Here are a few highlights:
Humans may be natural cooperators with a built-in instinct for distributive fairness, but we’re also natural opportunists who will negotiate over everything, including the very idea of distributive fairness, to increase or preserve our shares. “That’s not fair!” is always a bargaining move and only sometimes a fact.
When people talk about “social justice,” sometimes they’re really talking about “distributive justice.” The immense influence of socialist ideology in the 20th century encouraged the idea that social and distributive justice pretty much came to the same thing. But 1991 was a long time ago, and these days when people agitate for social justice, or refer derisively to those who do as “social justice warriors,” they’re likely to be talking at least as much about the distribution of rights and dignity as they are to be talking about the distribution of material resources and economic opportunities. That’s a healthy development.

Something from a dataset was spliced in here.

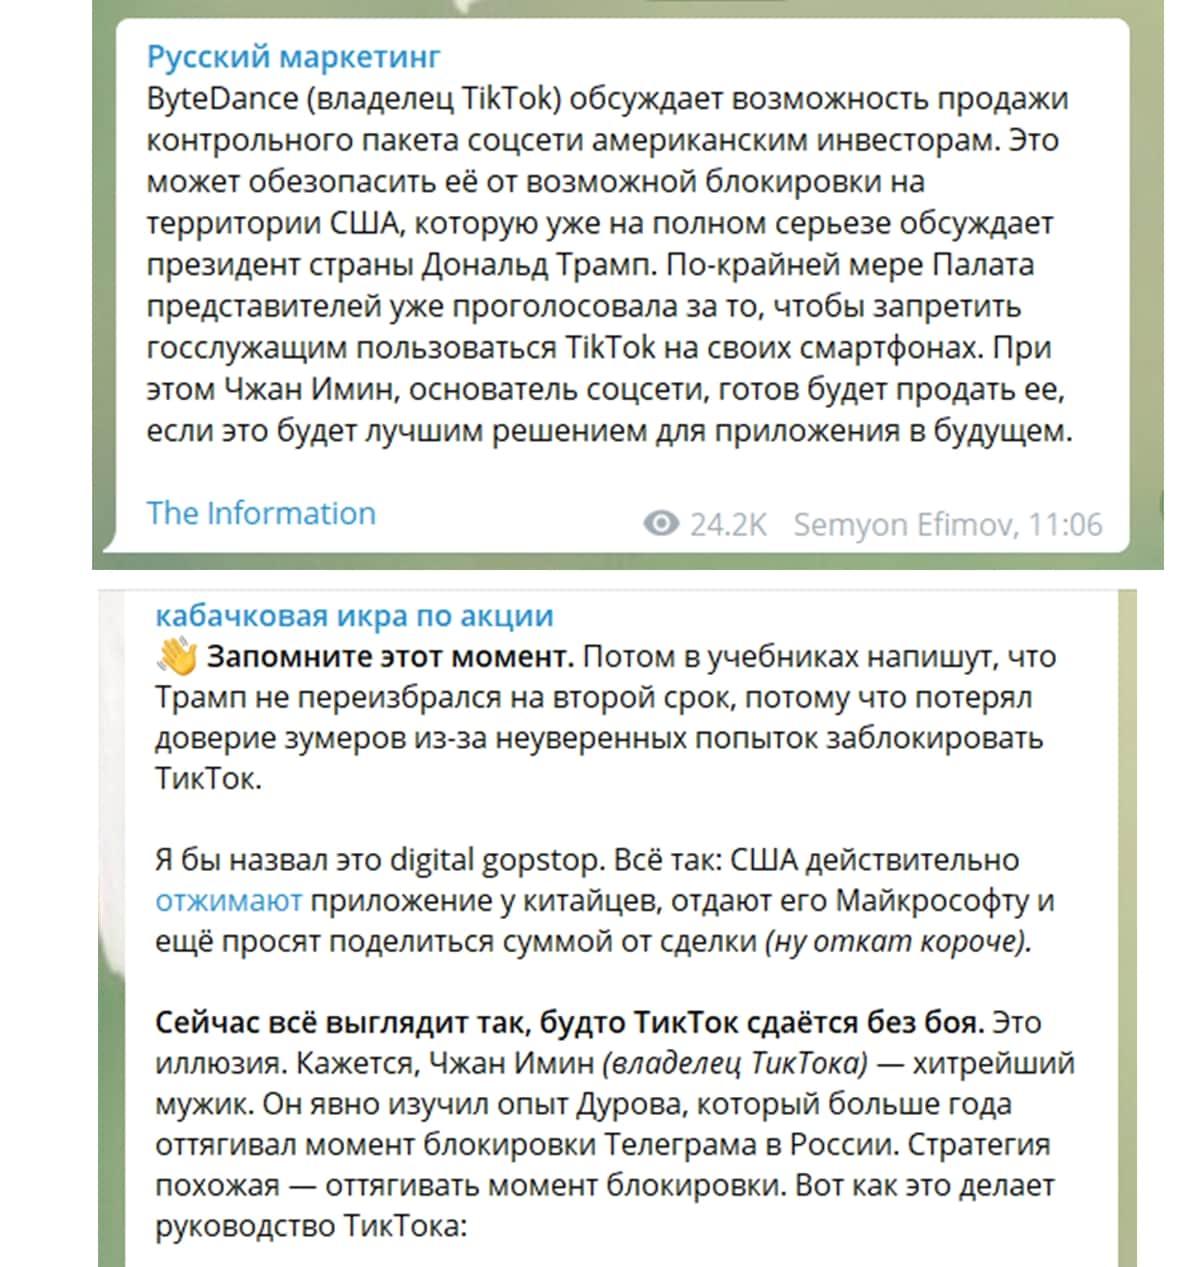 Сравните две новости на один инфоповод: в первом сообщают информацию, а во втором использую яркие эпитеты для усиления сообщения
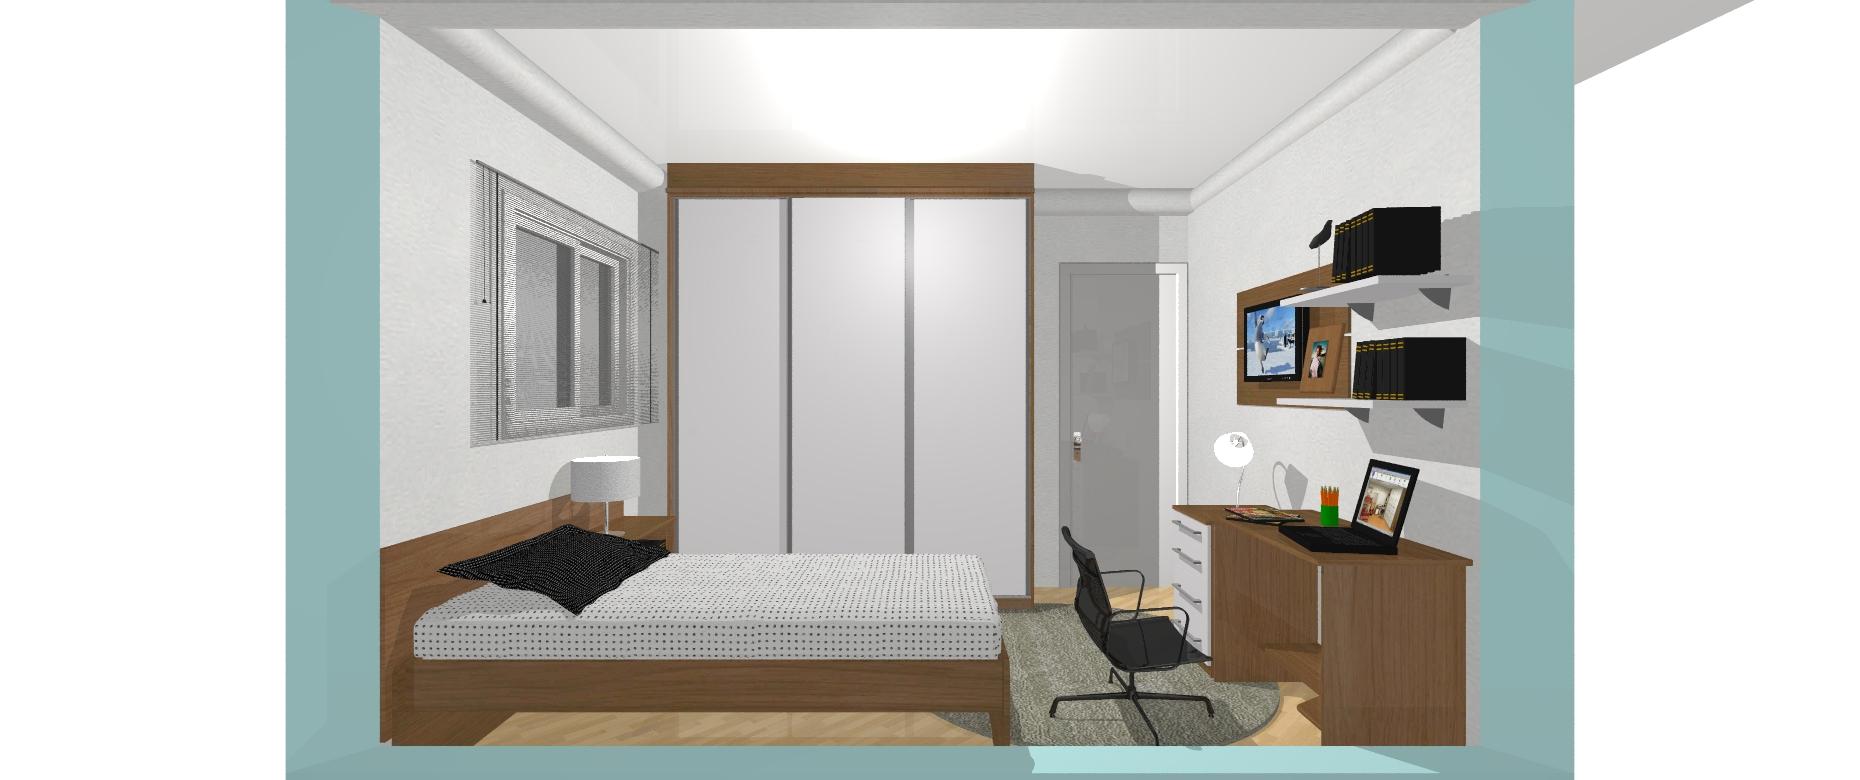 Promoção Casa Completa Grupo Nova Casa Móveis e Decorações  #674C33 1860x780 Banheiro Casal Duplo

You know what’s nuts? What’s nuts is that nobody kicks off a discussion of justice, distributive or social, with the fact of the Great Enrichment. Because the upshot of our best accounts of the most important thing that has ever happened to the human race seems to be that equalizing the distribution of rights and liberties, powers and prerogatives, respect and esteem led to an increase in the scope and productivity of cooperation, generating hugely enriching surpluses.